Me eché a reír. Era eso o llorar. Davis me miró con tanto dolor en sus ojos que me callé.

-¿Por qué te ríes?- su voz tenía un tono intensamente afilado, y supe que estaba a
punto de desvanecerse.
-No era nada de eso- dije. -No era un santo. Era un hombre, un gran hombre y,
en cierto modo, muy cruel.

El rostro de Davis se contrajo. Me di cuenta de que eso no era lo que él quería oír. ¿Pero
qué otra cosa podía decirle? Era la verdad, y una de las cosas que Macharius exigía era
que siempre dijéramos la verdad, a él y sobre él. Por supuesto, como cualquier otro
hombre, a menudo no quería escuchar la verdad cuando se le decía, pero esa fue una de
las cosas que le convirtió en lo que llegó a ser, que siempre lo exigía.

El chico parecía decepcionado, y no puedo culparlo por ello, yo le estaba negando su


último deseo, una confirmación de su fe en los santos. Puede que una vez hayan
caminado por el mundo, puede que hayan estado al lado del Emperador, y que tal vez,
allí en la oscuridad entre las estrellas, puede que algunos aún existan. El universo es
enorme y contiene muchas cosas extrañas que yo no he visto.

Todo lo que sé es que Macharius no era un santo. Quizás él fuera el general más grande
de los tiempos del Emperador. Era capaz de una gran bondad y una gran crueldad, pero
¿qué hombre no haría lo mismo si se le da la oportunidad? Y oportunidades es algo que
Macharius tuvo en abundancia.

Miré al muchacho, tenía los ojos muy abiertos y miraba hacia el techo con ese tipo de
mirada sin parpadear que dijo que ya nunca los cerraría. Extendí la mano izquierda y le
cerré los ojos. Miré a mi alrededor, a esa cámara llena de muertos y moribundos, y pensé
en Macharius y en todos los que lo habían seguido en su grandiosa y extraña cruzada
hasta los límites del universo conocido.

Pensé en el Lord Alto Comandante, y pensé en Ivan, Anton y Anna. Pensé en personas
que no había visto en tres décadas, pensé en Tiny, en el teniente y el Enterrador. Pensé
en que hoy casi había muerto, en que no tardaría en morir y me decidí escribir todo lo
que recuerdo. Tengo que escribir todo lo que sabía para que algún día pudiera ser
recordado: la verdad sobre Macharius y Drake, sobre su guerra santa para reclamar la
galaxia, la verdad de cómo habían sido y cómo murieron.
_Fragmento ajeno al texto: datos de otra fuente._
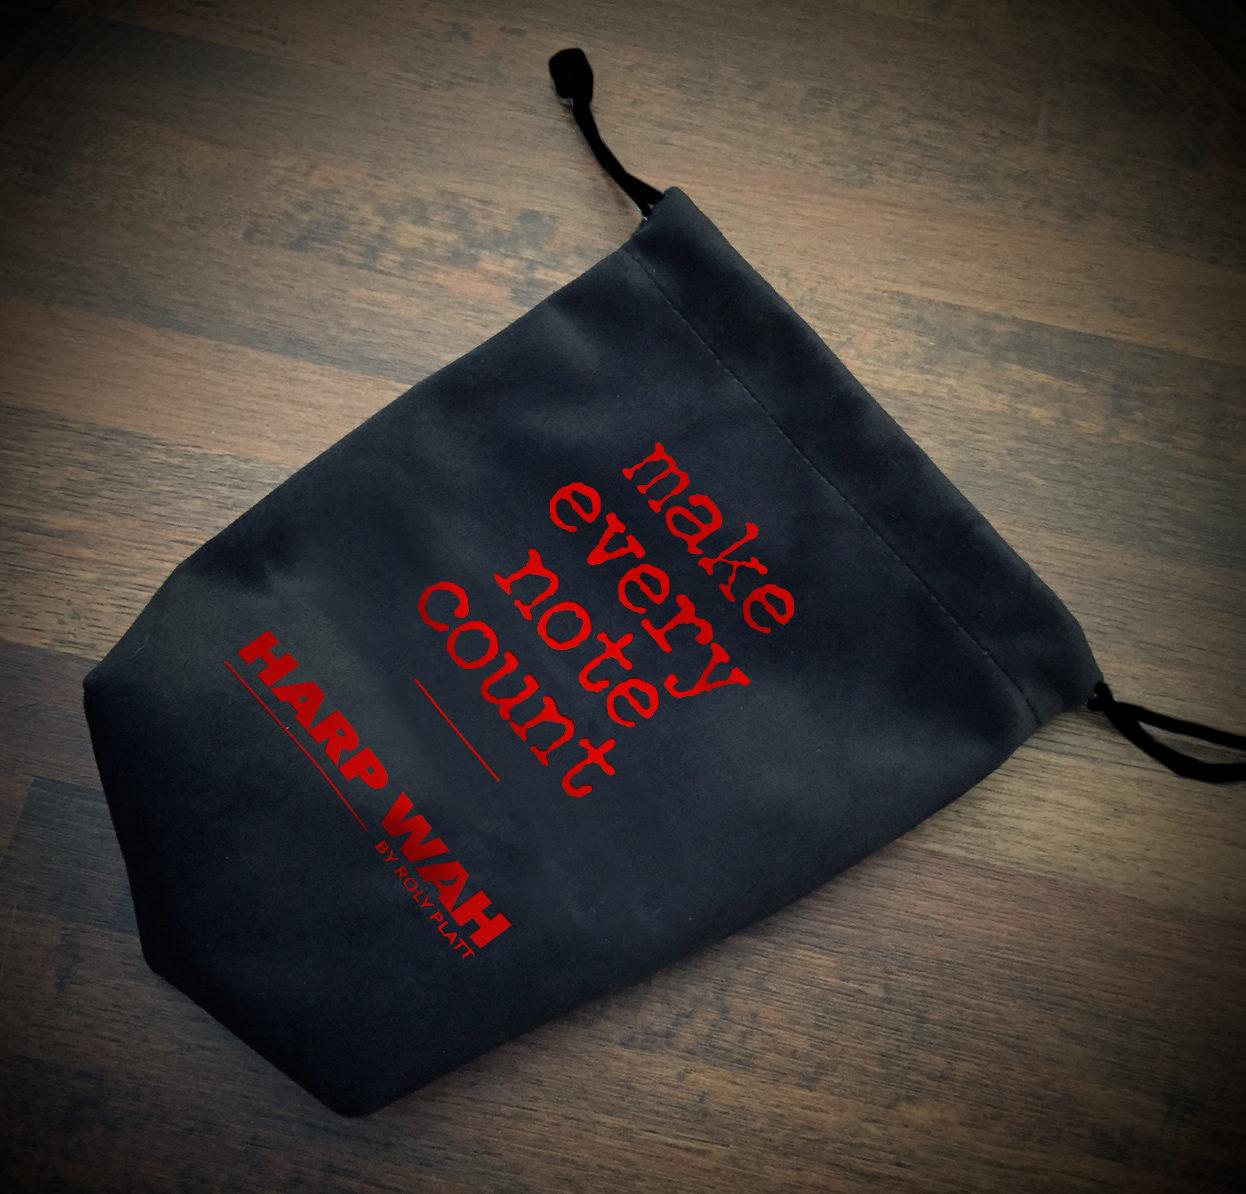 NEW: Harmonica Gear Bags

Así que por eso estoy aquí con esta placa de datos, haciendo esta grabación. Al menos
podré pasar el tiempo haciendo algo hasta que vuelvan los orkos.
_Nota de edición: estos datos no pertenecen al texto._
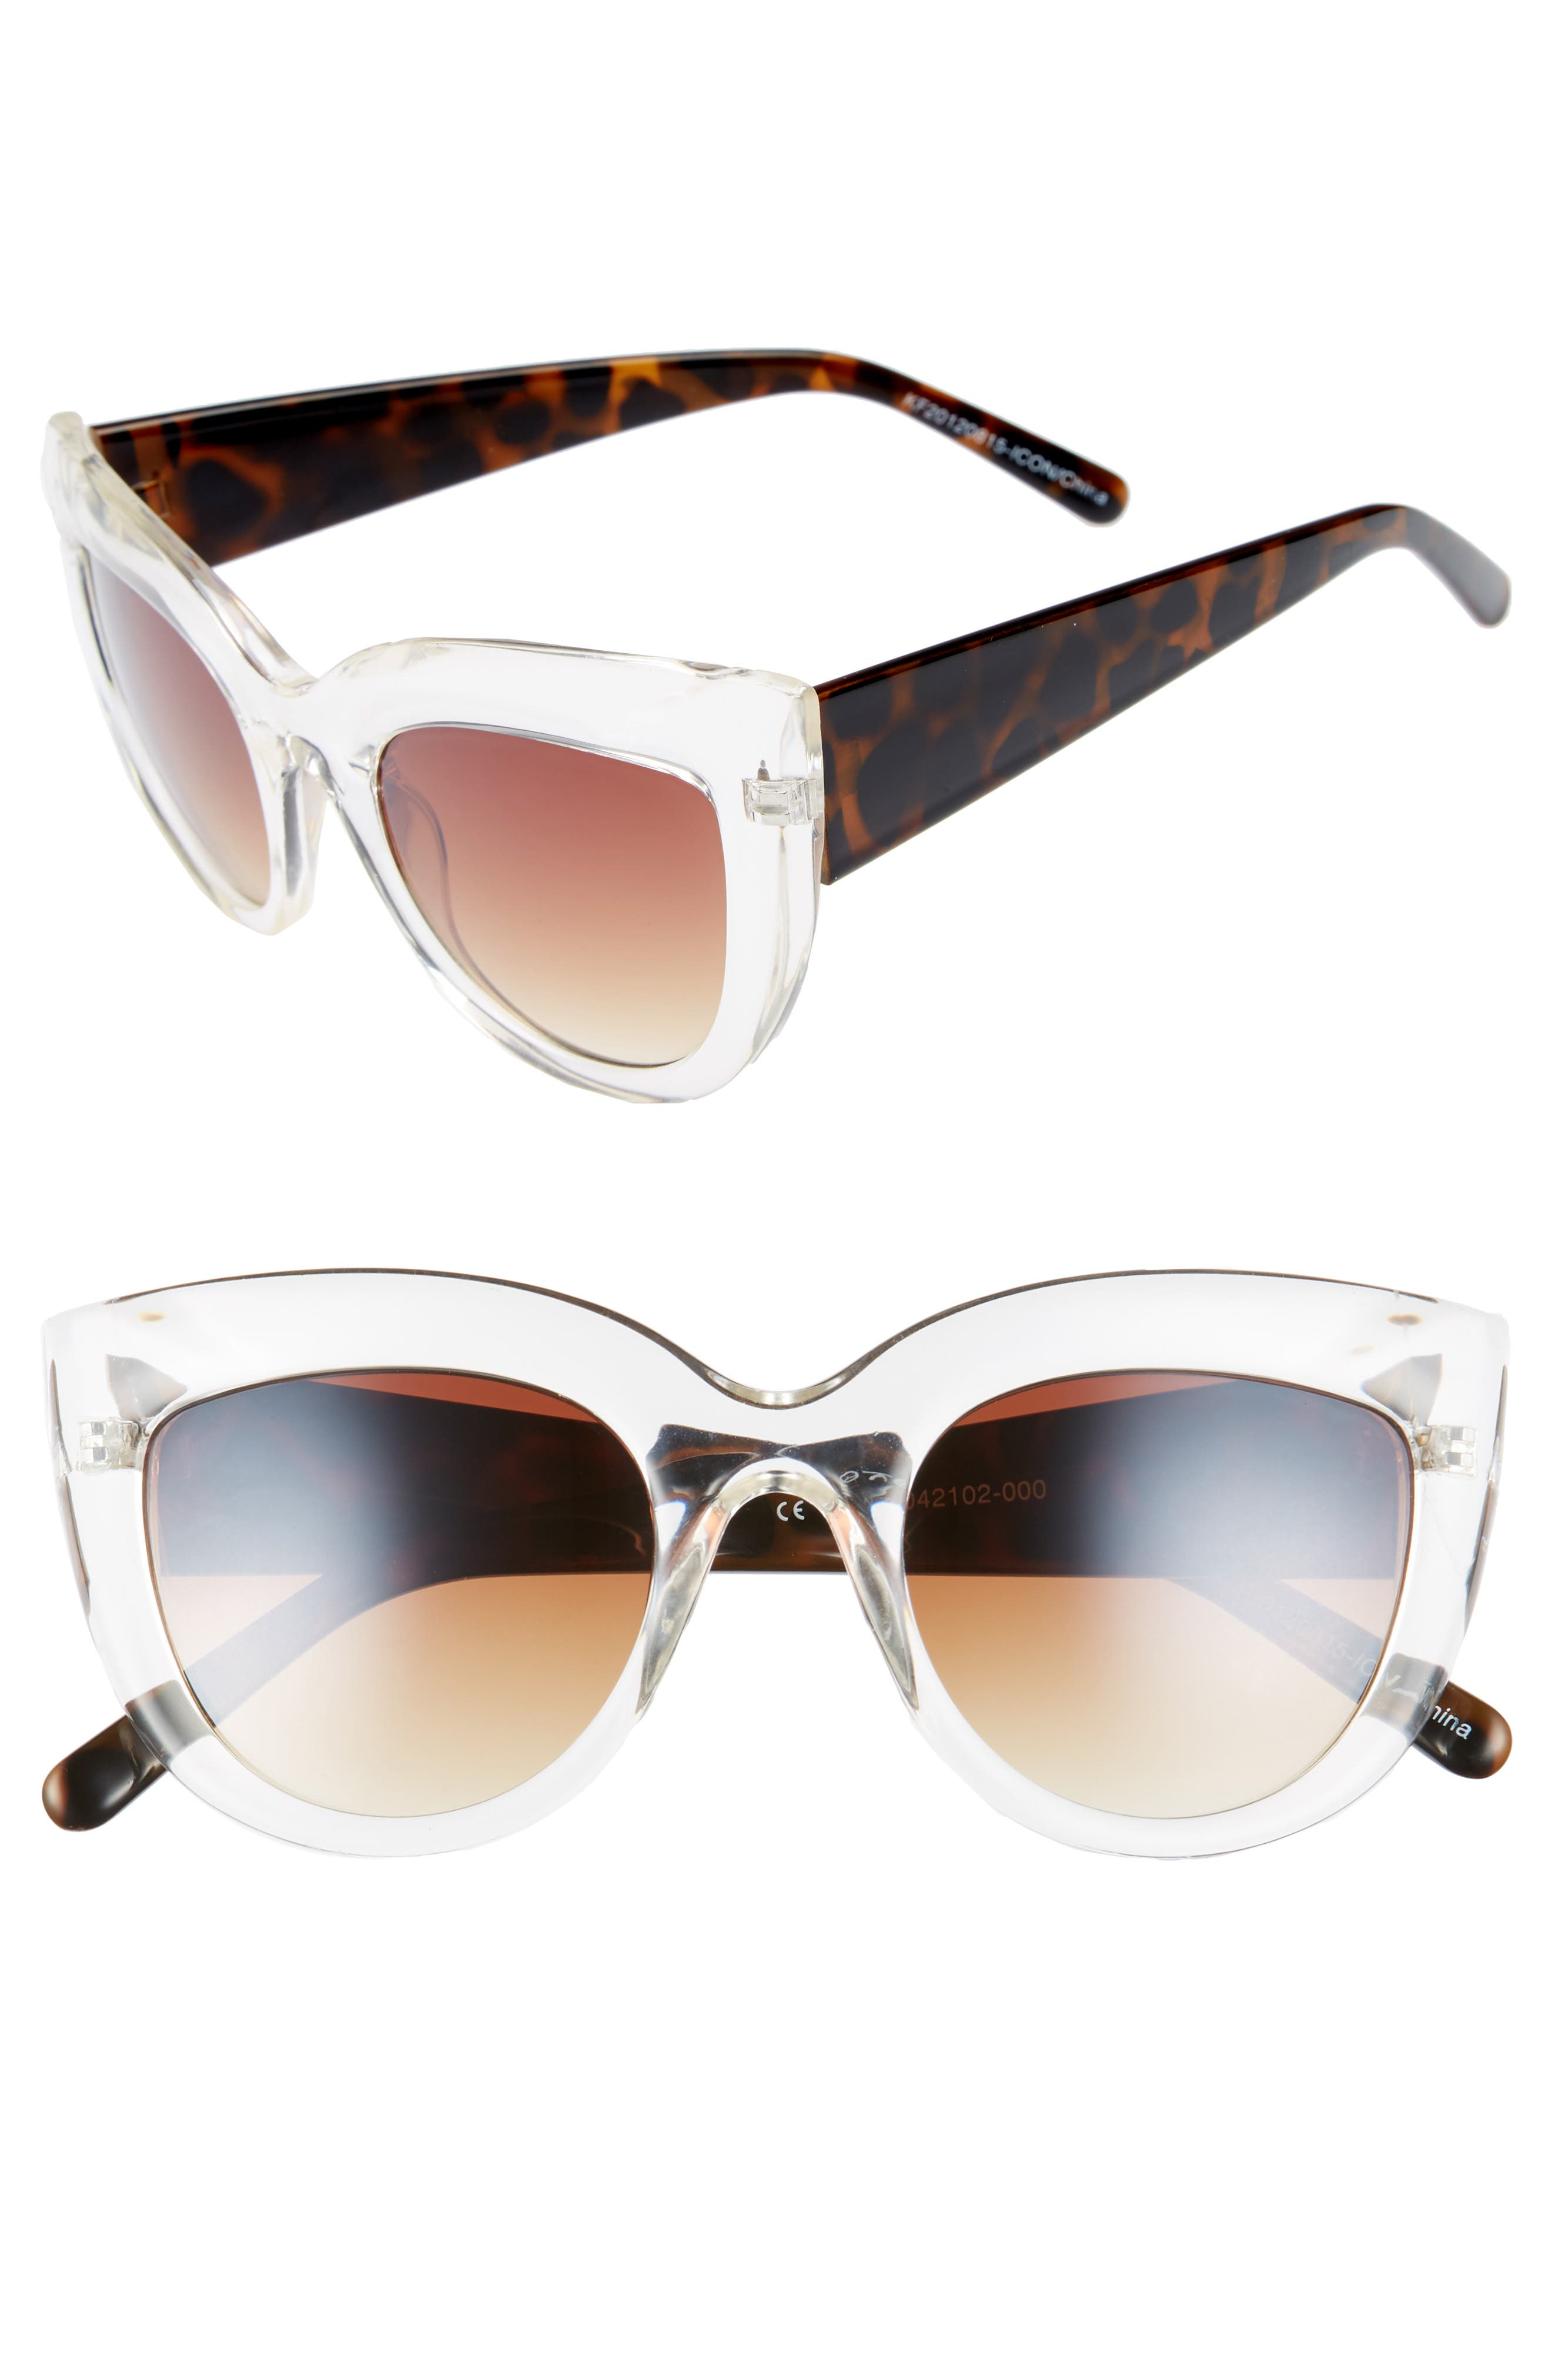 Translucent Cat Eye Sunglasses,                             Main thumbnail 1, color,                             Tort/ Clear

Para mí todo en comenzó en Karsk IV. Así es como fue…


CAPITULO UNO

Desde los altos de Flamestrike Ridge pude contemplar el camino que conducía
directamente hacia el infierno.

En el horizonte, muy a lo lejos, vi volcanes recién nacidos lanzando enormes llamaradas


químicas. La roca fundida de los lagos de lava fluía alrededor de las islas formadas por
las cenizas acumuladas. Grandes depredadores con alas de cuero flotaban en las
corrientes térmicas sobre los infernales lagos. Puede que fueran pájaros, murciélagos, o
algún tipo de arpía mutante de las antiguas leyendas. Estaban demasiado lejos para
distinguir los siniestros detalles.

Se podía oler el azufre en el aire a una distancia de varias leguas góticas. El olor me hizo
toser y dejó un sabor sulfuroso en mi boca, que se mezcló con el ya peculiar sabor acre
de Karsk IV.

Hacia el sur, a lo largo de lo alto de la cresta, una batería de Basilisk apuntaban hacia el
cielo las huecas bocas de sus desgastados cañones. Las dotaciones ya habían realizado
todos los rituales adecuados y estaban girando sus armas hasta los noventa grados. Casi
esperaba que comenzaran a lanzar proyectiles en cualquier momento hacia los
burbujeantes pozos de alquitrán para probar su precisión.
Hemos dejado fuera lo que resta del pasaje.